When we went to Munich, she wanted to go to an art supply store, so my teammates and I tagged along. I was toying with the idea of buying myself a pocket-sized sketchpad like hers. And maybe a couple of drawing pens.
At the shop, I found a German-made sketchbook exactly like I wanted: small and unintimidating. I also picked up three Sakura pigma micron fineliners. I wanted something different from my fountain pens. The shopkeeper bagged my tiny purchases in a plastic bag for me to protect them from the rain.
When we emerged from the shop, I was excited. On our meetup in Palma, our team lead led us in an exercise to do blind contour drawings of one another: we spent one minute looking at a teammate and drawing them without looking at the paper and without lifting our pens from the paper. The results were hilarious and fun and forced us to reject perfectionism. This exercise opened the door for me to not take drawing so seriously. I laughed and signed the portrait I made of my teammate as if it were a work of genius.

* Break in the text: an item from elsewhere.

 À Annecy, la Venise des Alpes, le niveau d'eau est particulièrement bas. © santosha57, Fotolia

As we walked down the sidewalk away from the shop, my lead was excited for me. She talked about how how much fun it is to be fearless in drawing, to not worry about what it looks like, but to just do it for the hell of it, because the process is fun, or meditative, or whatever good feeling it gives. It got me to thinking about writing, and how much writers block ourselves by self-editing before we even write a word on the page. The joy in writing for me is not getting it perfect: the joy is in letting words spill out. Maybe I’ll fix them up, maybe I won’t, but I enjoy just letting the words flow.

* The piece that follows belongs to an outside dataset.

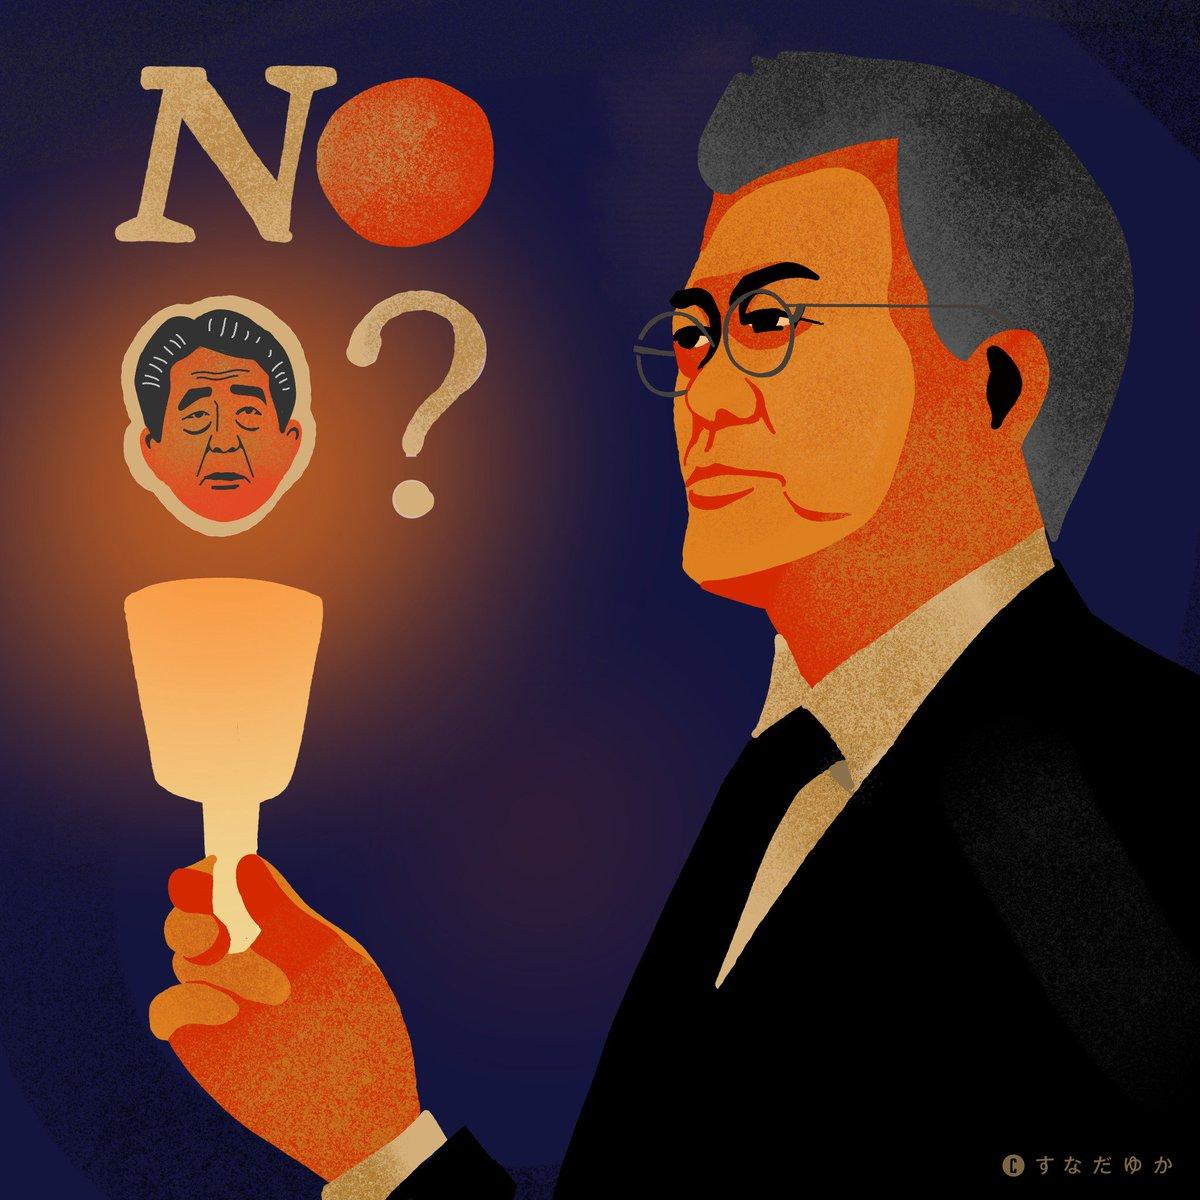 🎨世界の今をスケッチ🎨日本の植民地支配から解放された記念日にあたる8月15日、韓国の文在寅大統領は「輸出管理」を強化した日本政府を批判。一方で、対話と協力を呼びかける発言もみられました。日本と韓国の間で巻き起こっている「輸出」を巡る対立を3分でおさらい👇

As soon as I got back to my hotel room, I sat down and drew. I drew the Glockenspiel. The next day, I drew my coffee cup and cakes from the cake shop. The third day I drew a Munich surfer, the fourth a swan on the lake I walked every morning, the fifth a leaf with raindrops on it. On the 10 hour flight home, I picked up doodling, and I spent hours just drawing lines and shapes. The plane was frigid as we flew over the Atlantic, so I plugged in the headphones and turned on the crackling fireplace relaxation video they had on the in-flight entertainment. I’d read for a little while, then pull out my sketchpad and doodle to the snap and pop of a video fire, then read some more.

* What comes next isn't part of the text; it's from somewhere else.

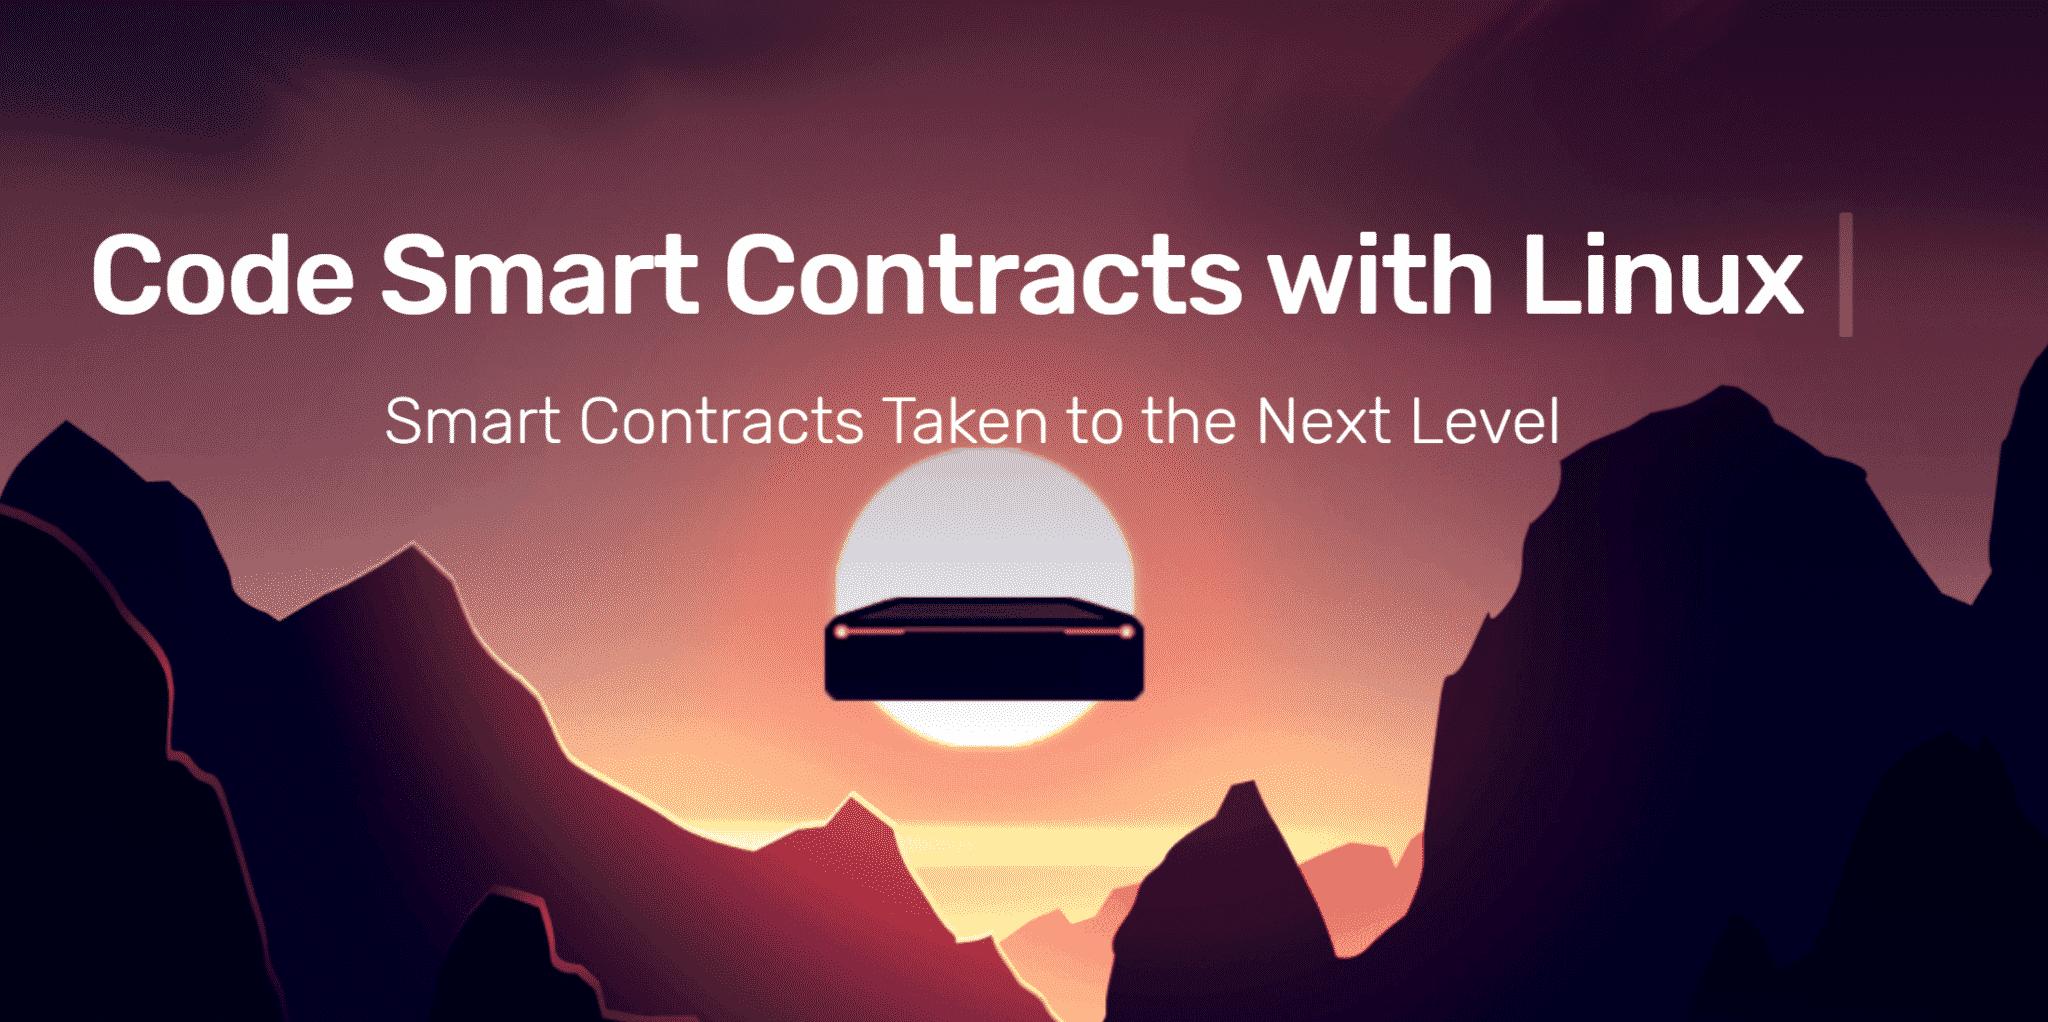 Smart contracts met Linux

Since I’ve been home, I’ve drawn every day as well: a ginkgo leaf I saw by our son’s car, the apple pie from Thanksgiving. With each drawing I do, I find a technique I want to learn. I want to learn how to do textures, I want to learn how to shade. Sometimes I find myself wishing my drawings were better, and I have to remind myself that perfection is not the point. Aiming for perfection makes it feel more like work than play, and it’s no fun anymore. But when I draw just because I like the feeling of the pen on the paper, and when I try to improve one little thing at a time — like texture, like shading — I feel invigorated, and I love it.
Some drawings. The coffee & cake drawing and the tangerine were done with my LAMY Safari fountain pen
P.S. I did see a LAMY fountain pen display in the Munich airport!Fountain pens in the airport, home of Leuchtturm paper… Germany is my kind of place.
P.P.S. I approach my blog posts these days like I approach drawing: they’re messy, and don’t necessarily make sense, and they’re far from perfect. When I aim for something clean and tidy and meaningful, something “well-written”, I end up not blogging. And I’d rather blog than not, so here we are.